I don't understand if the positive rail is +9V and negative rail is -9V
Why the current is 18V - 0.65V / Rc?
Anyone explain this?
Thanks
Jack

don't know where you are getting this equation from in your reference link, but it would seem that --

18 = +9 - (-9) is the total voltage differential
0.65 = PN junction drop
Rc = resistance in the path

then I = V/R
where V across the R will be (18 - 0.65)
and R = Rc.

hence your equation is most probably I = (18 - 0.65) / Rc
which is easy enough to understand ?
 

I don't know if we are referring to nodal analysis here. Where is the reference point?
Thanks
 

Is the reference point right at the middle of T1 and Rc, I mean how do you get 18V - 0.65V
Counting from the collector of T1?
Thank
 


No voltage drop across T1? Sorry, I am quite new to current mirror circuit
Why not IcRc + Ic(Resistance of transistor 1) = 18V
18V / Rc + Resistance of transistor 1) = Ic
 

No voltage drop across T1? Sorry, I am quite new to current mirror circuit
Why not IcRc + Ic(Resistance of transistor 1) = 18V
18V / Rc + Resistance of transistor 1) = Ic

(sigh)

the 0.65v for PN junction IS the voltage drop across T1
Transistors and PN junction's and such active devices are usually not considered as resistances, except in special cases.

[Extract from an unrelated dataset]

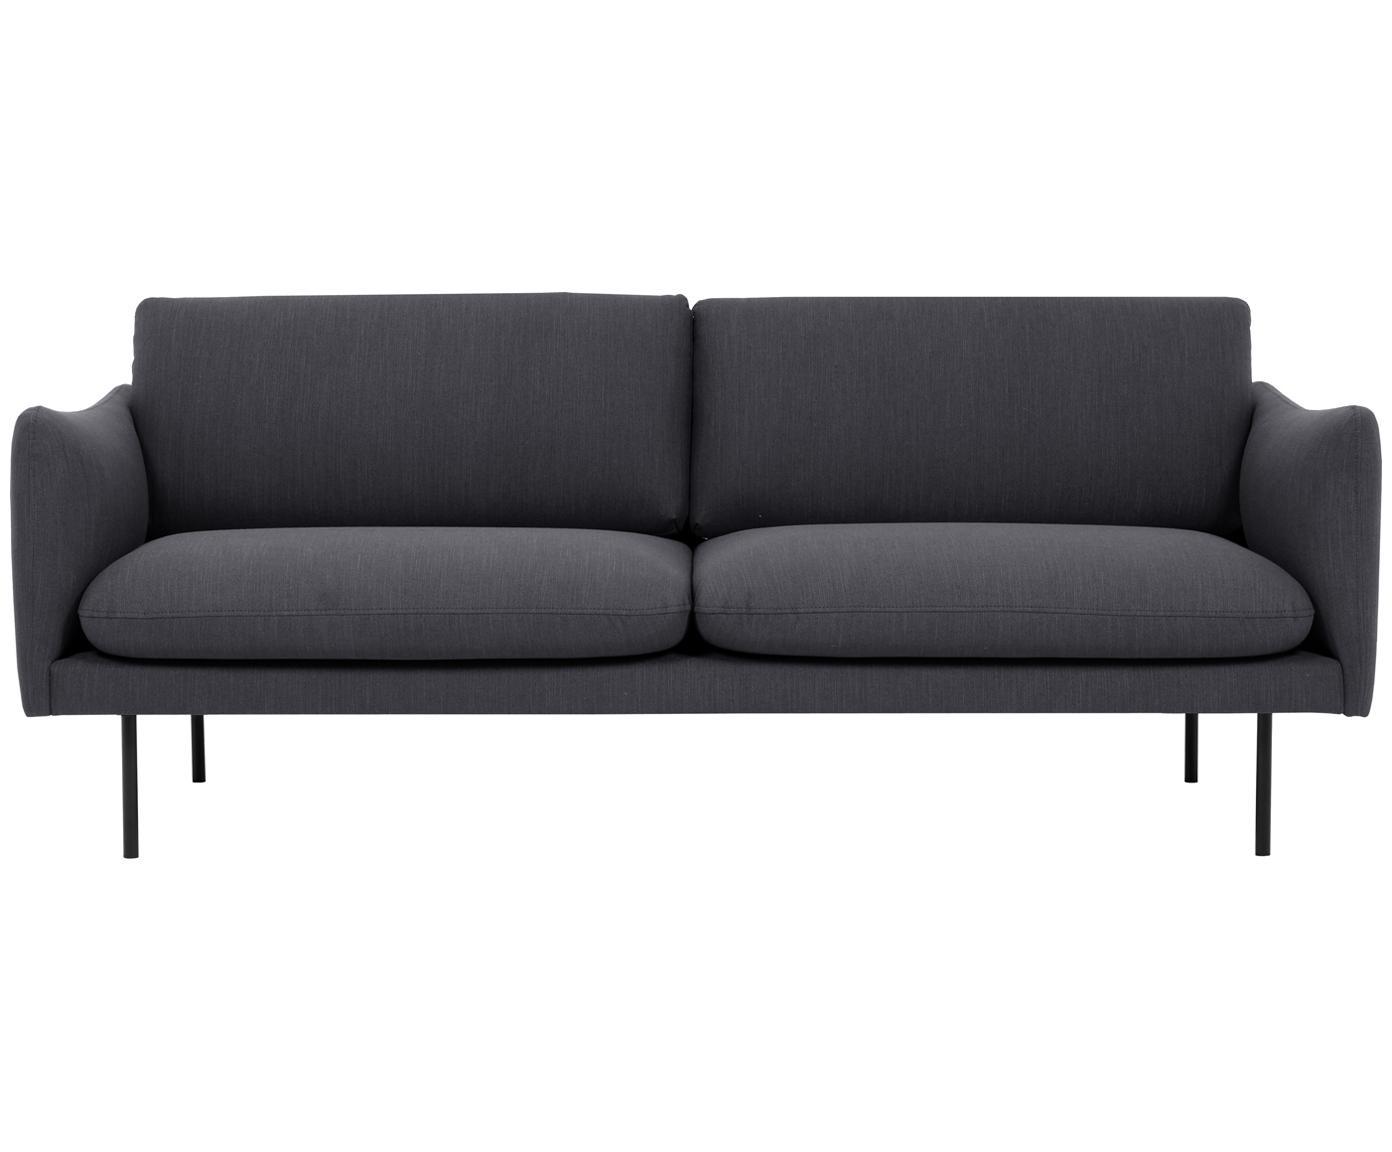 Sofa Moby (2-Sitzer), Bezug: Polyester 60.000 Scheuert, Gestell: Massives Kiefernholz, Webstoff Dunkelgrau, B 170 x T 95 cm

With the Collector & Base shorted, the effective part of this transistor is simply the Base - Emitter pn junction. almost exactly a diode.
the standard voltage drop across a silicon pn junction is usually taken in the range of 0.6v to 0.7v, and will not vary beyond these limits during forward conducting and reasonable currents.
 


Thanks, I understand some of the parts now. The transistor is acting like a diode, but 18V - 0.65V, if the 0.65V is he drop across the transistor, but why not considered Rc which might have a resistance of several Kilo ohms or Mega on its own. if so, the voltage drop across it might be ~17V
please point out where I am wrong here
 

Rc controls or sets the current, as shown in the equation. If you increase Rc, then the current will reduce, so that drop across Rc stays exactly at 17.35volts. Ohms law : I = V/R

Once this current is set, then any value of load resistance R can be connected on T2, and it will have the exact same current flowing through it also. Thats why its called a current mirror.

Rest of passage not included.